* ASSIGNED TASK: With the exception of the pictures, write out the data below precisely.

(Beginning of MATERIAL PROVIDED)

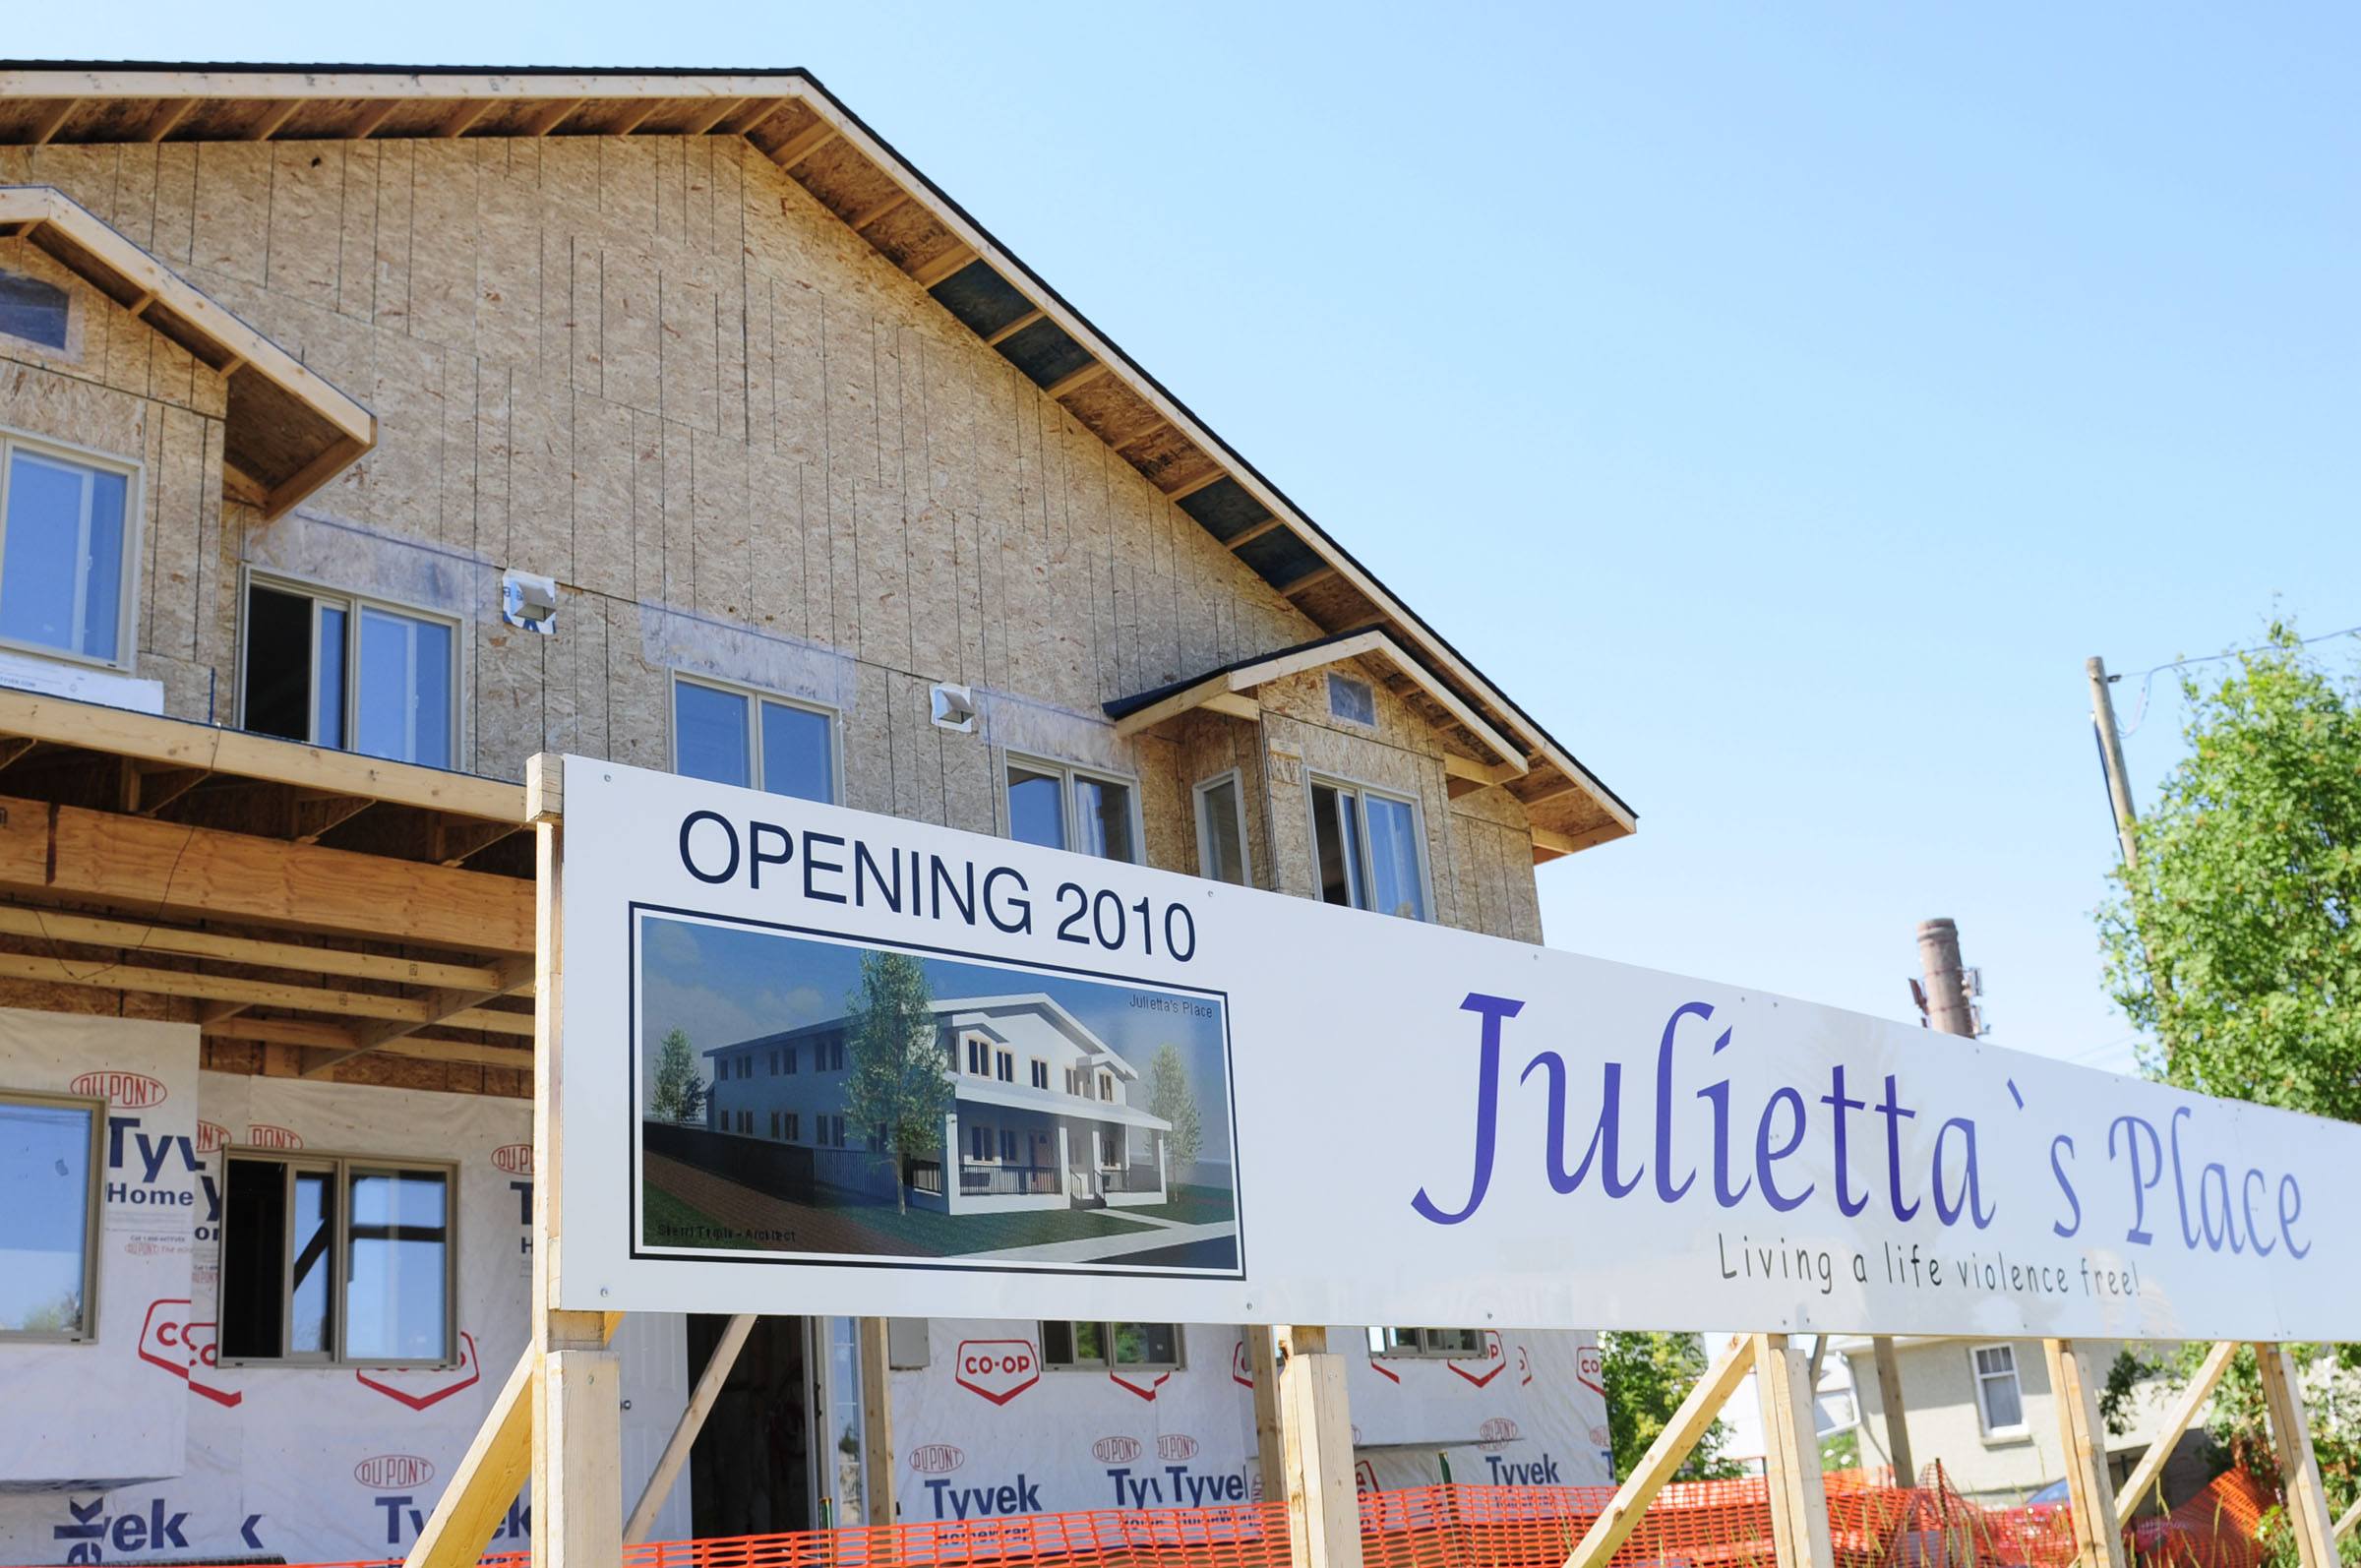 Julietta's Place will provide affordable housing for women and children escaping domestic violence. The facility is expected to open in October.
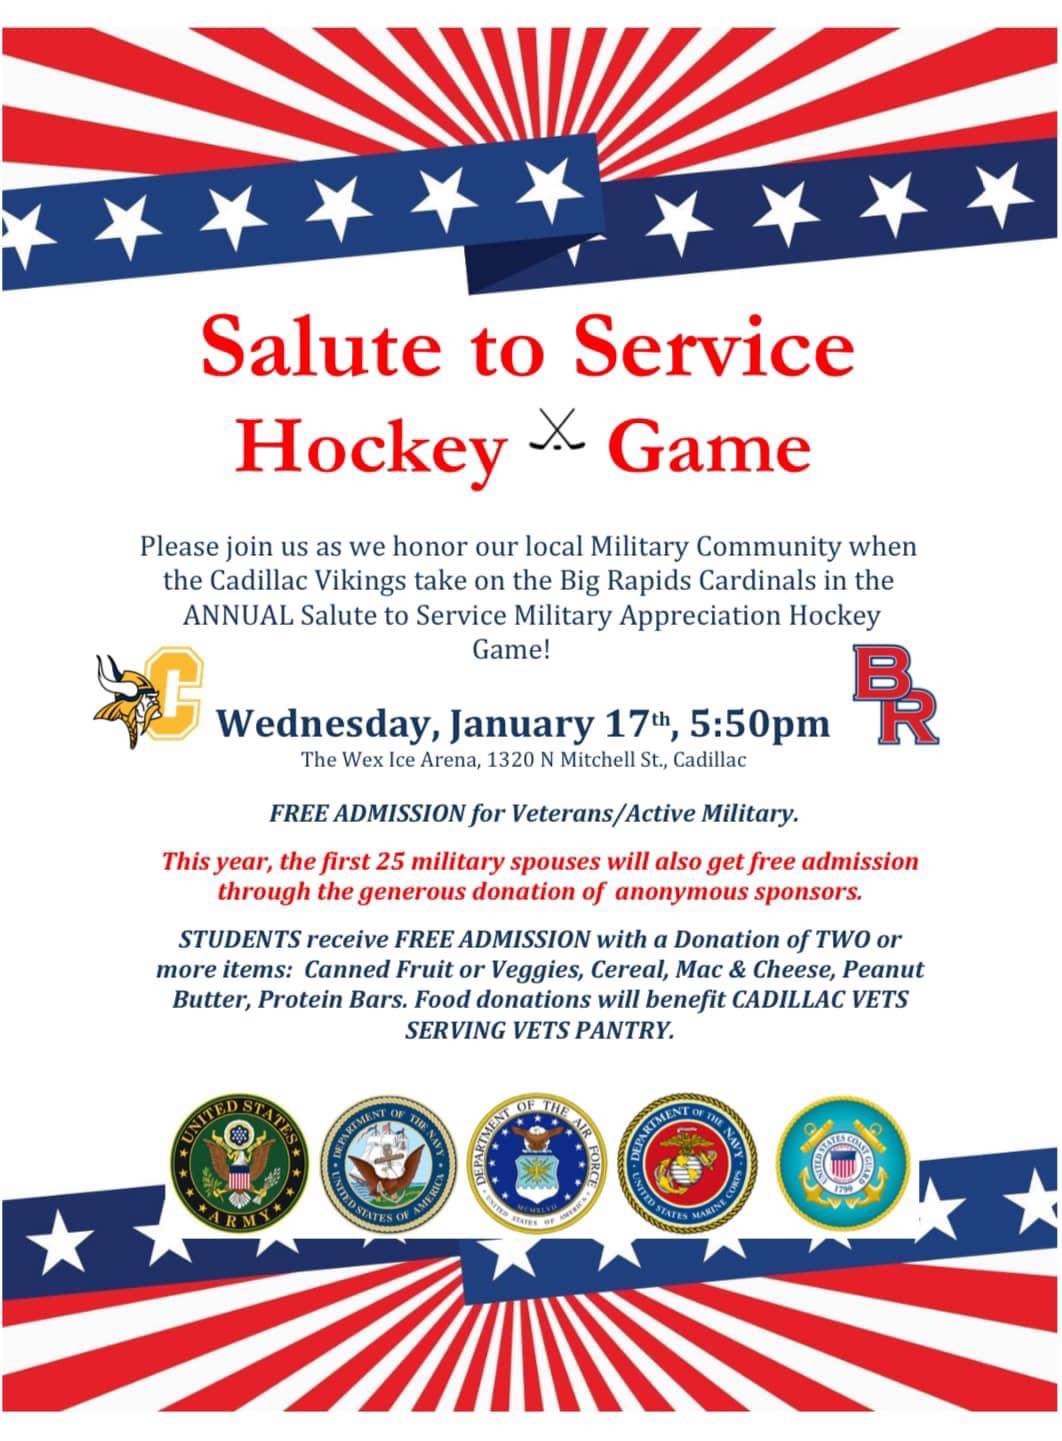 Veterans get in free at Cadillac ‘Salute to Service’ hockey game
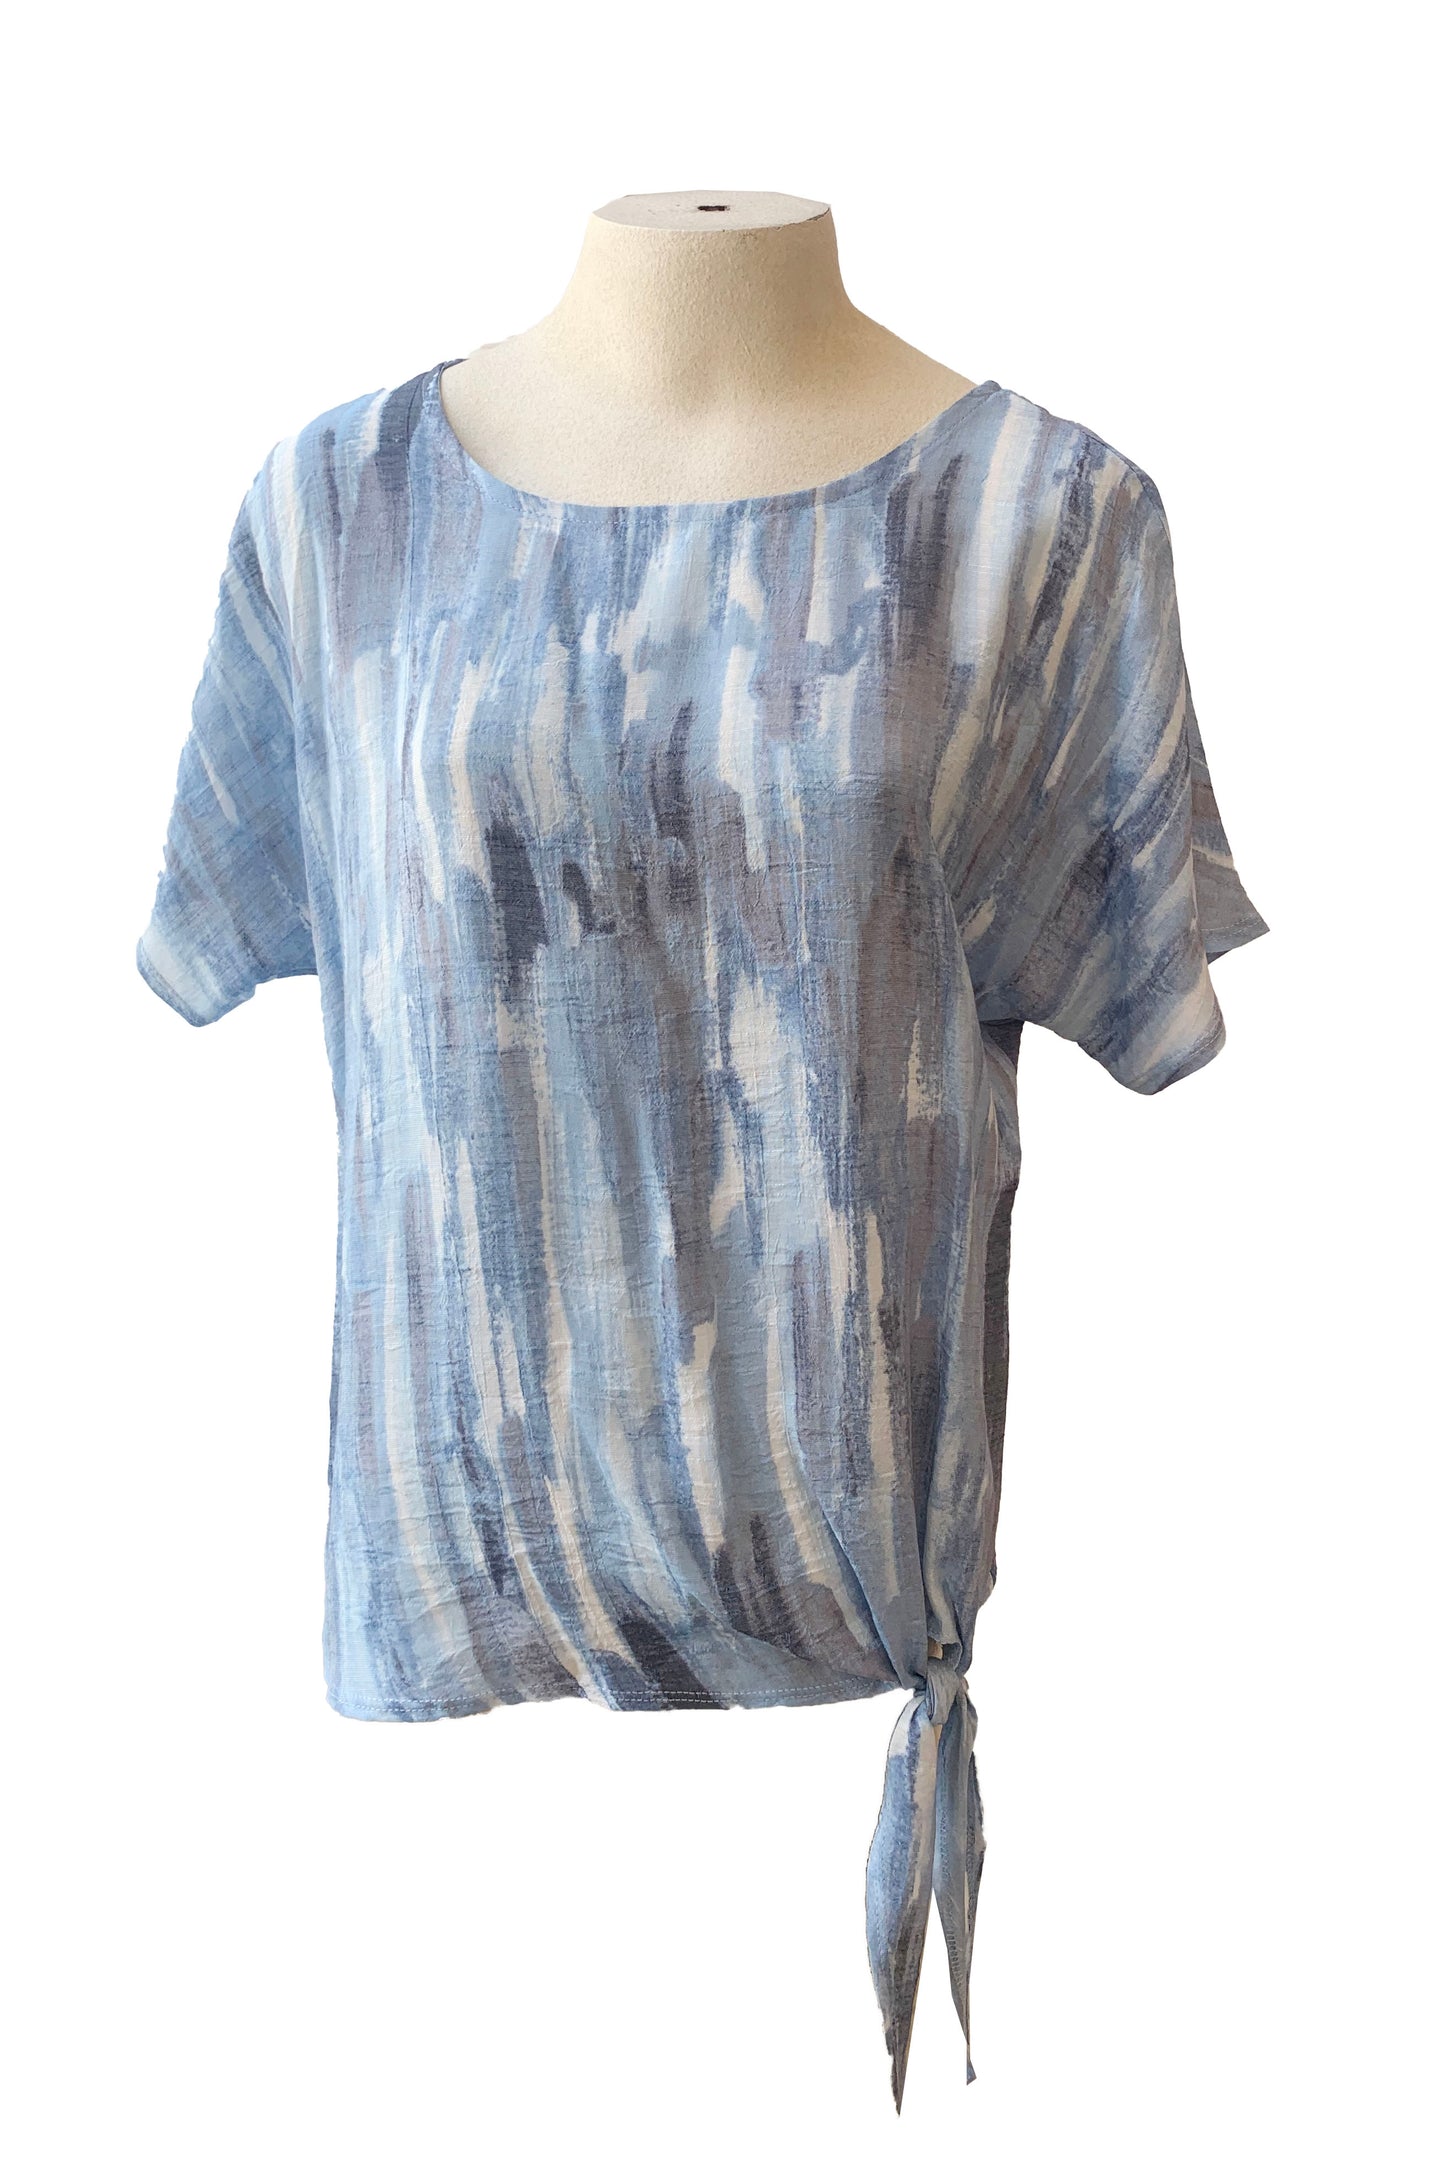 The Chanelle Top by Pure Essence in Sky/Blue is shown on a mannequin in front of a white background

(End of MATERIAL PROVIDED)

* FINISHED EXERCISE:
 Julietta's Place will provide affordable housing for women and children escaping domestic violence. The facility is expected to open in October.
 Veterans get in free at Cadillac ‘Salute to Service’ hockey game
 The Chanelle Top by Pure Essence in Sky/Blue is shown on a mannequin in front of a white background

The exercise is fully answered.